3. – La suddetta ordinanza veniva impugnata dinanzi al Tribunale amministrativo regionale per il Veneto dalle due destinatarie del provvedimento che ne chiedevano l’annullamento in quanto illegittima perché affetta da violazione di legge, in particolare per violazione dell’art. 6 del Regolamento edilizio comunale e delle disposizioni del d.lgs. 22 gennaio 2004, n. 42 nonché per eccesso di potere per travisamento dei fatti ed ingiustizia manifesta.
Il TAR per il Veneto, con la sentenza 15 febbraio 2018 n. 179, dichiarava inammissibile il ricorso perché non era stato notificato ai signori Ve. in qualità di controinteressati.
4. – Nei confronti della suindicata sentenza propongono appello le signore Br. e Do. sostenendo la erroneità della decisione di dichiarare inammissibile il ricorso di primo grado, in quanto nei confronti di provvedimenti sanzionatori in materia edilizia non sono rinvenibili figure di controinteressati.
Nel merito ripropongono i motivi di impugnazione già dedotti in primo grado ma non scrutinati dal primo giudice avendo quest’ultimo deciso la controversia in ragione della suindicata questione pregiudiziale.

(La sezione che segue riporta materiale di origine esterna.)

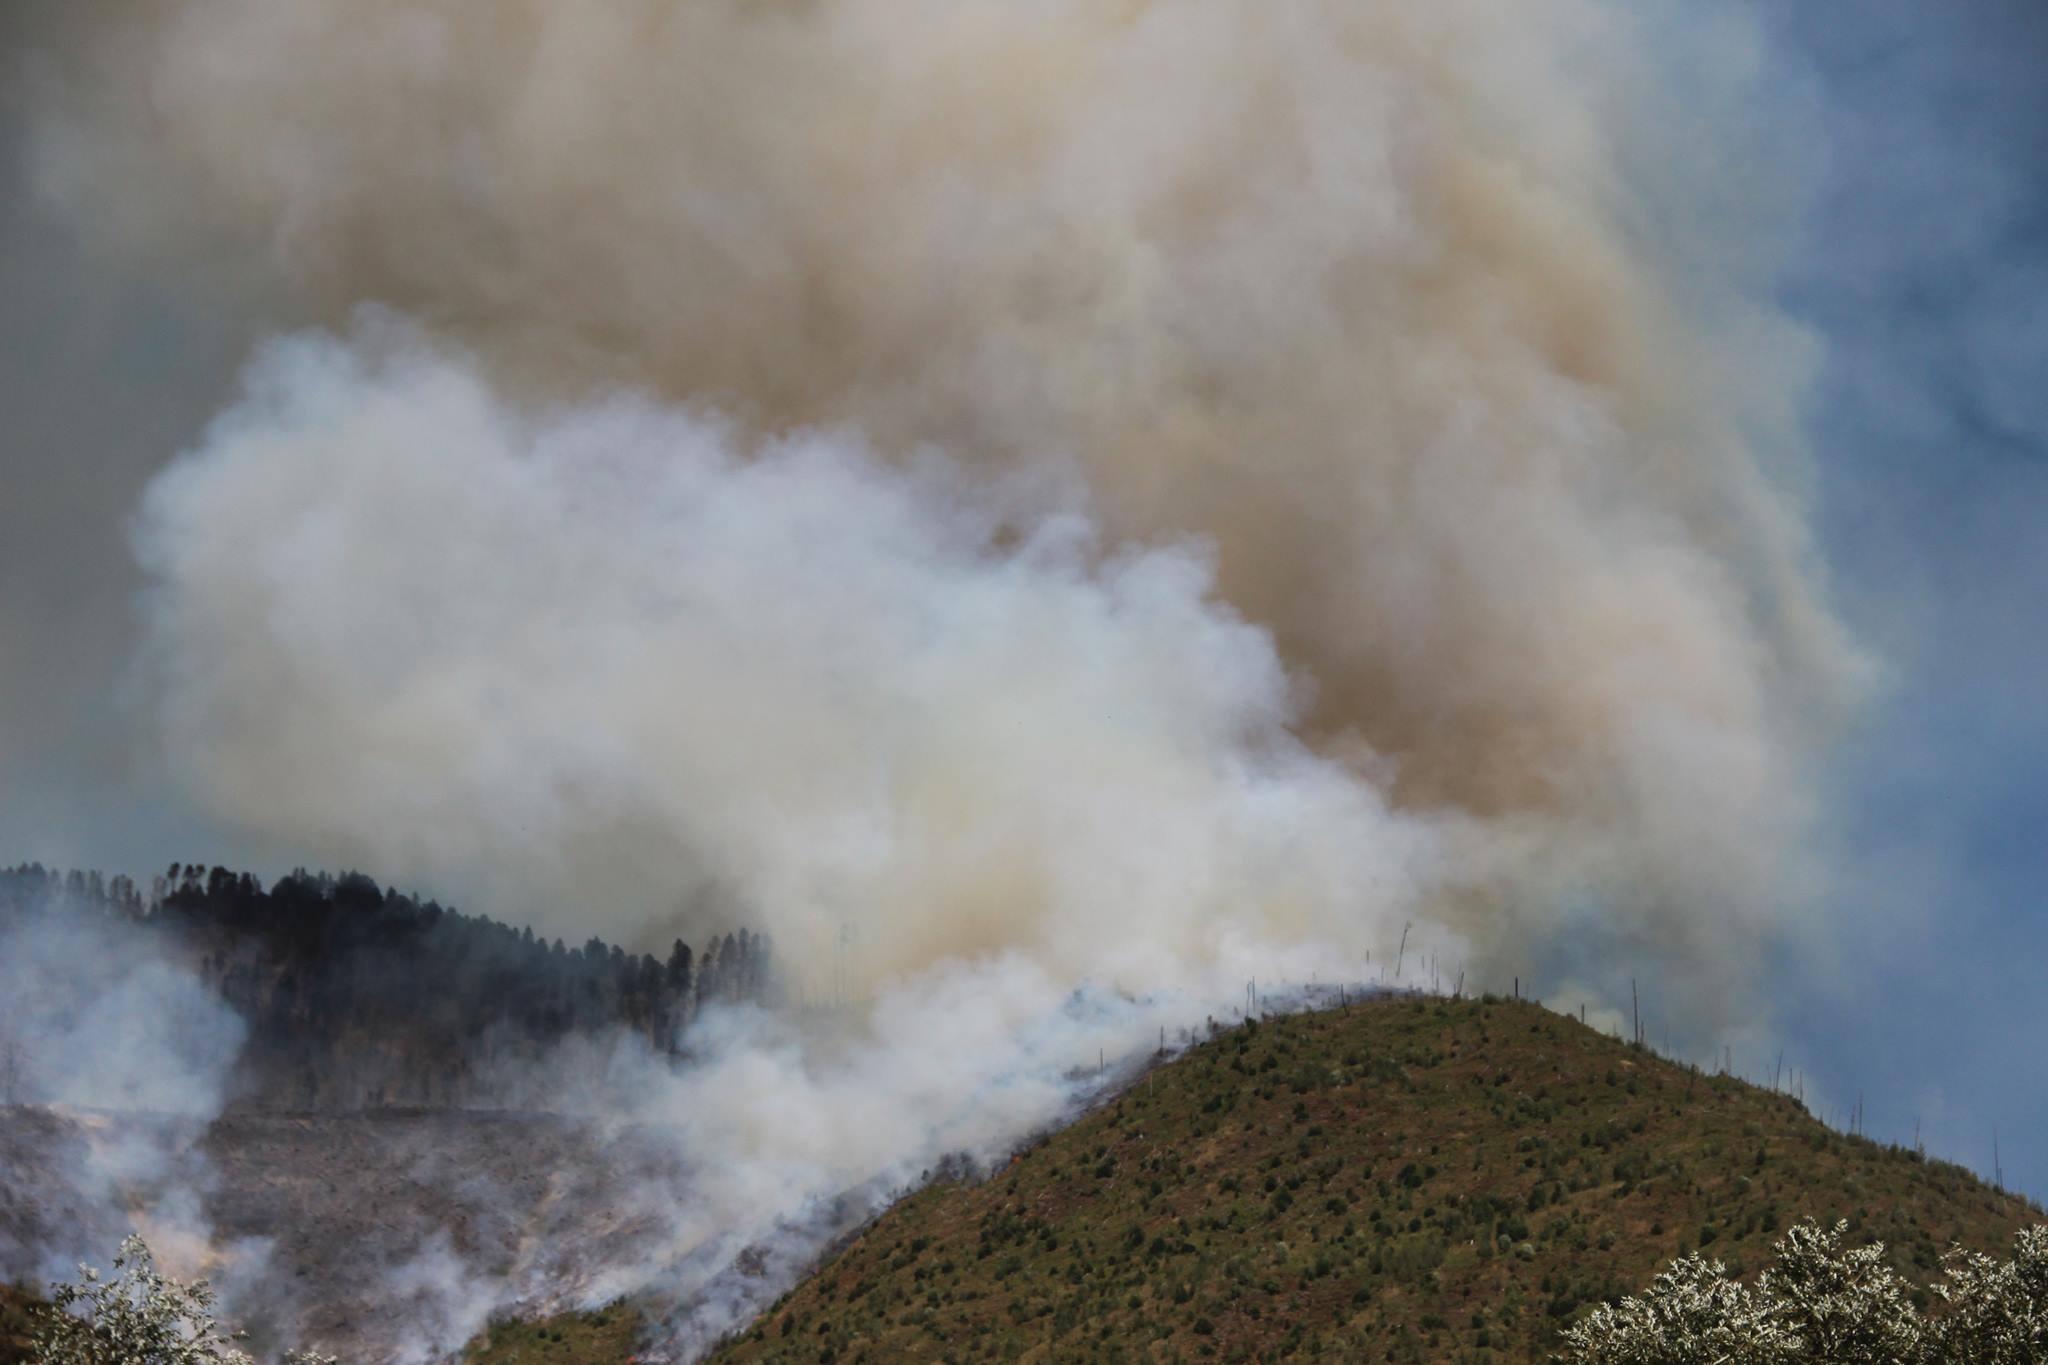 20934967 1483222951734670 4429181243014986970 o #новости featured, Боржоми-Харагаульский парк, боржомский лес, вертолеты, Грузия, пожар, помощь

Nella sostanza le appellanti affermano che:
– in primo luogo il comune ha adottato l’ordinanza di ripristino senza avere previamente effettuato una puntuale verifica di quale fosse lo stato originario del terreno con riferimento alla sua pendenza naturale, all’esito della quale sarebbe emerso che l’intervento contestato alle odierne appellanti era consistito in un mero ripristino e non in una modifica dell’area in questione;
– inoltre detto ripristino era stato effettuato nell’ambito di quanto consentito dall’atto autorizzatorio rilasciato del 28 maggio 2015, atteso che lo scavo, che si asserisce aver costituito un intervento non autorizzato, è consistito nell’operazione di livellamento del terreno come autorizzata dalla Regione Veneto che, peraltro, aveva permesso di intervenire raggiungendo una profondità di 50 cm., con ripristino del manto erboso originario anche ai fini della pratica agricola di pascolo cui è destinato il terreno. L’opera di livellamento, proseguono le appellanti, è stata effettuata attraverso una modesta movimentazione di terreno senza realizzazione di opere edili e senza modificazione delle quote di livello che venivano ripristinate e non modificate, di conseguenza – anche per effetto dell’art. 6 del Regolamento edilizio del Comune di (omissis) – non era necessario alcun titolo autorizzatorio specifico, neppure sotto il profilo paesaggistico, dal momento che l’art. 149, comma 1, lett. b), d.lgs. 42/2004 esclude che sia necessaria una autorizzazione paesistica nell’ipotesi di interventi destinati all’attività agricola-pastorale che non siano accompagnati dalla realizzazione di opere edilizie e che non alterino l’assetto idrogeologico del territorio;
– infine veniva contestato che il comune si fosse preoccupato di sanzionare le operazioni di ripristino sopra descritte, ma non aveva affatto tenuto conto delle opere realizzate dai vicini con innalzamento del terreno mediante deposito di ghiaia.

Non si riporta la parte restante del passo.